David and Diane have been married for years; then there is Julie, the young secretary whose axis collides with the couple’s in ways none of them saw coming.
As Julie’s doctor barked out orders at the nurse: “Get a saline IV in now!” “Where’s that oxygen?” “Tell the lab I need those results; what’s taking so long?”, all I could do was stare in shocked horror.
Looking at Julie lying unconscious on the examination table, and hearing her doctor’s tense and urgent tone that made it clear her condition was critical, I could not remember ever having felt so helpless in my life.
For the first few minutes, the doctor had totally ignored me, but once he was satisfied his instructions were being followed, he turned to me.
“What happened?” he demanded accusingly.
“I don’t know! I got back from work and found her like that on the floor! You’re the doctor; tell me what’s happened to her!”
I shot back.
“That’s what I’m trying to find out; I thought you might have some information to give us an idea of where to look, but since you don’t, please wait outside so we can figure out what’s going on,” he requested, though his tone made it clear it was an order.
I was not accustomed to taking orders from anyone, especially not a junior doctor who had probably been hoping for a chance with Julie himself, and the last thing I wanted to do was leave her side. But I knew every second I spent arguing with him, was a second taken away from Julie; so, I grudgingly complied, but stopped at the door.
“Please fix her; I don’t care what it takes, just fix her,” I made a ‘request’ of my own. He did not answer and turned his attention back to the nurse instead; “What are her pressure and oxygen readings?”
I got the point; I was in the way. Wordlessly, I left the room, closing the door behind me.
I drifted in and out of consciousness, hearing snippets of voices and conversations, first David’s and Dr Kenneth’s, then Kenneth’s and the nurse’s.
While I had initially been relieved that David had found me, once I realized that it was the chocolates he had sent that had gotten me so sick, it was Kenneth’s voice that I struggled to cling to and that pushed me to fight through the haze of unconsciousness, until I finally managed to open my eyes.
“Julie! Julie! Can you hear me?” Kenneth’s voice was a mixture of relief and desperation, as he bent over me so closely I could feel his breath on my face.

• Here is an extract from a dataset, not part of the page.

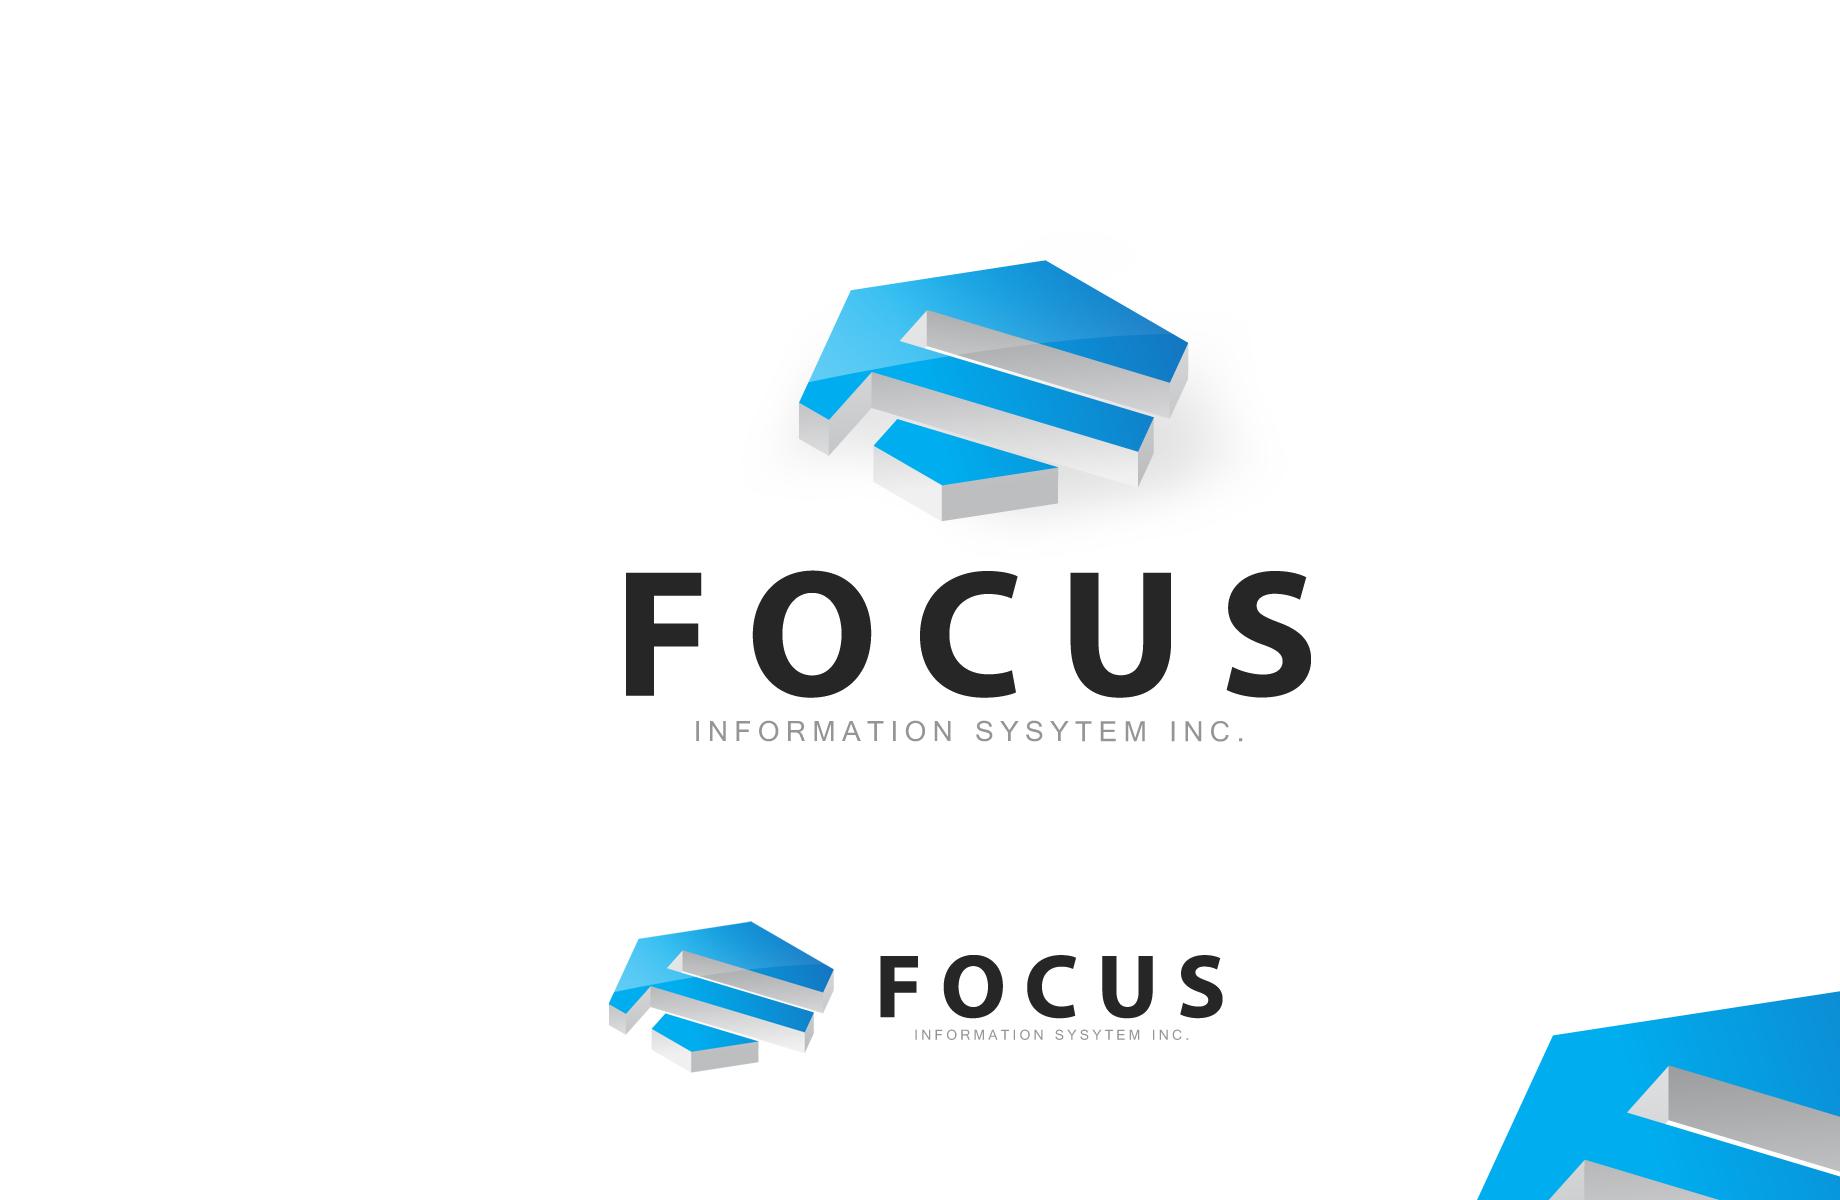 Logo Design by Jan Chua - Entry No. 57 in the Logo Design Contest Artistic Logo Design for Focus Information Systems, Inc..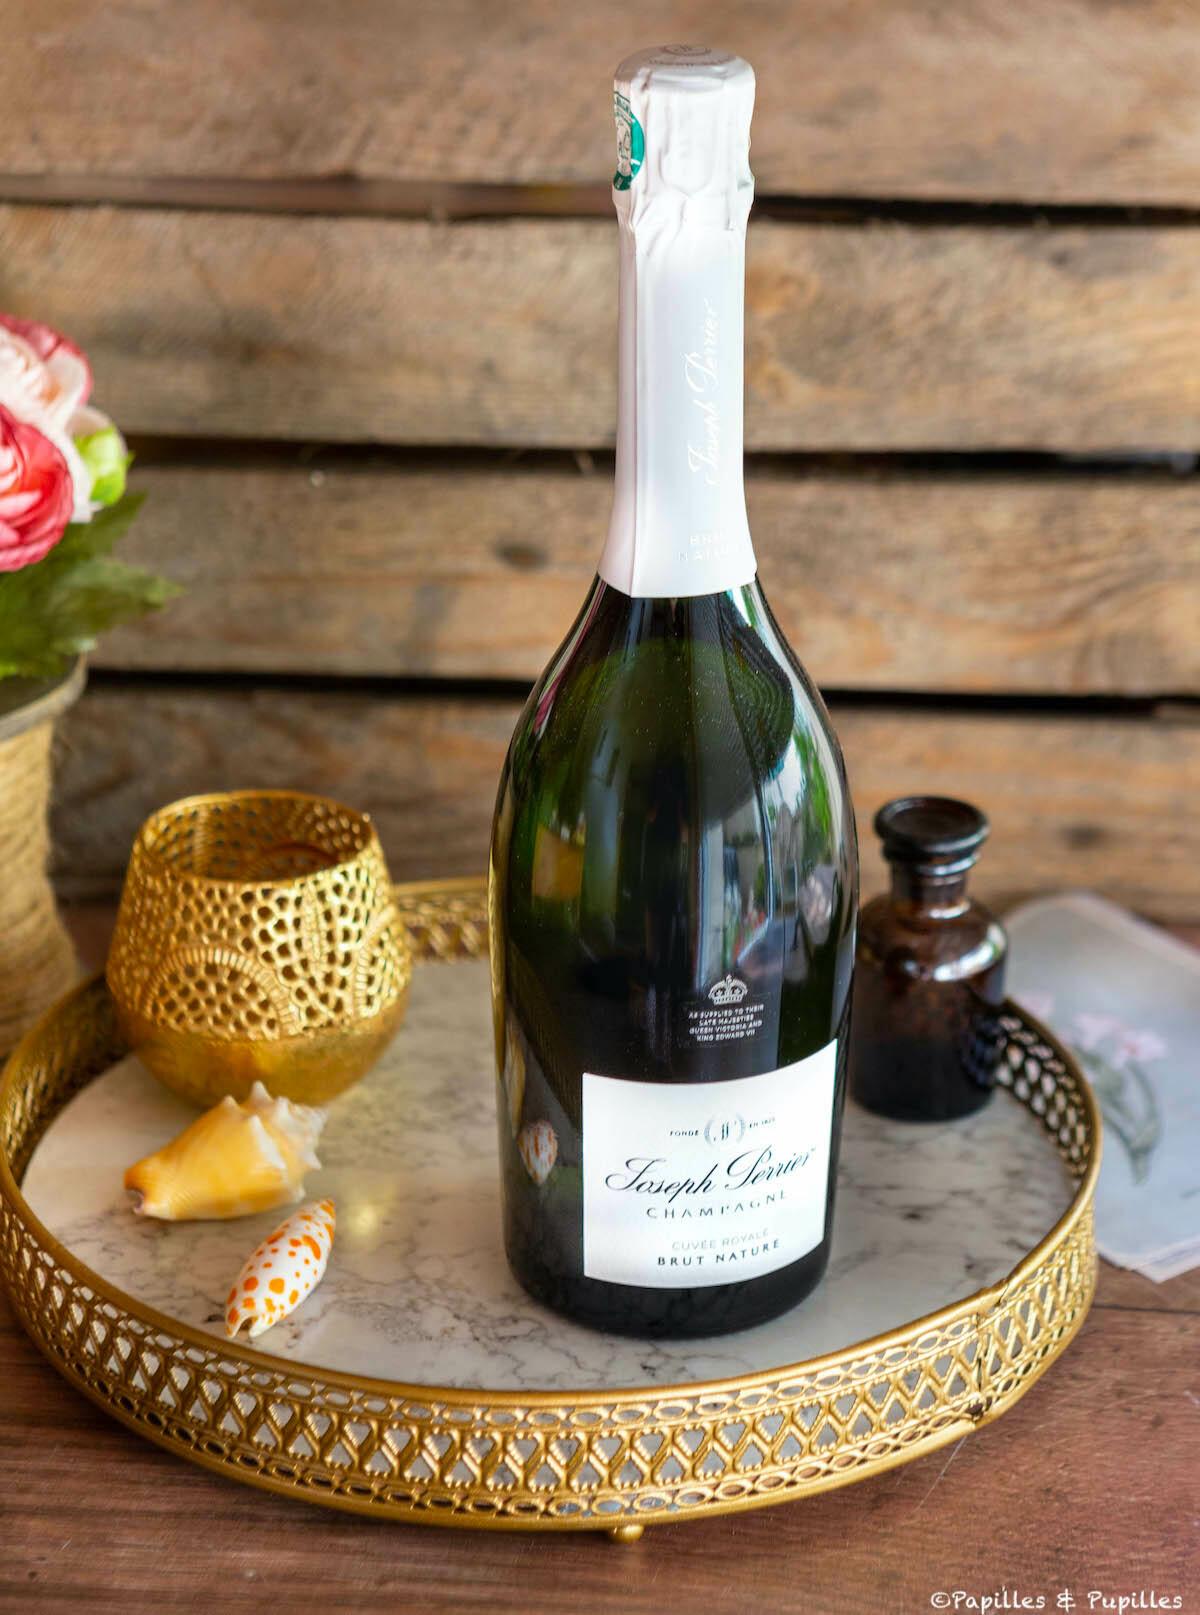 Champagne Joseph Perrier - Cuvée Brut Nature

I didn’t think I could speak yet, but I did manage a half nod, which seemed to reassure him somewhat, as he exhaled in relief before going on: “What happened? What hurts?”
I knew I did not have the energy to fully answer those questions, but at the same time, I knew it was imperative that I found some way to let him know what I now knew – my life depended on it; so, with what felt like gargantuan effort, I whispered a single name: “David.”
There was a flash of disappointment in his eyes, and he straightened up like he had been hit.
“He’s right outside; I’ll have the nurse call him in for you in a minute, but...”
“No!” I panicked at his words, and my fear brought the protest out clearer and louder than I had been a second ago.
“No? You don’t want to see him?” Kenneth asked in confusion, a puzzled frown creasing his brow.
“No,” I repeated firmly.
I paused before answering him; not just to muster the strength to speak again, but also to first personally confront the reality of what I knew had happened.
Then I said it all with just one word: “Poison.”
His eyes widened in shock, and then realization. Eyes narrowing coldly, he turned to the nurse: “Get me those lab results right now.”
I called David consistently every hour, but he neither answered any of my calls, nor responded to any of the increasingly angry texts that followed, and as the hours passed, I went from curious, to irritated, to angry, and finally to panicked.
It was not like him to not respond at all to missed calls and texts; so, his total silence unnerved me. Assuming my ‘gift’ to Julie had successfully served its purpose and she had lost the baby, surely he could not be so upset over a child that had not even been born yet (especially when he already had three living children at home).
He could not respond to any of my texts, even if it was only to say something had come up and he would be home late? That led me to the conclusion that perhaps my ‘gift’ had been even more effective than I had hoped, and had gotten rid of not just the baby, but its mother as well.
Although I had believed I would be thrilled with that outcome, now that I was confronted with the thought of it as a real possibility, I was panicked rather than elated.
Because it had not actually been born yet, I did not think of the child Julie had been carrying as a living, breathing person, but even though I hated Julie with my entire being, it was difficult to consider the possibility that I had killed her.
Had I, who had never so much as slaughtered a chicken before, actually killed a fellow human being?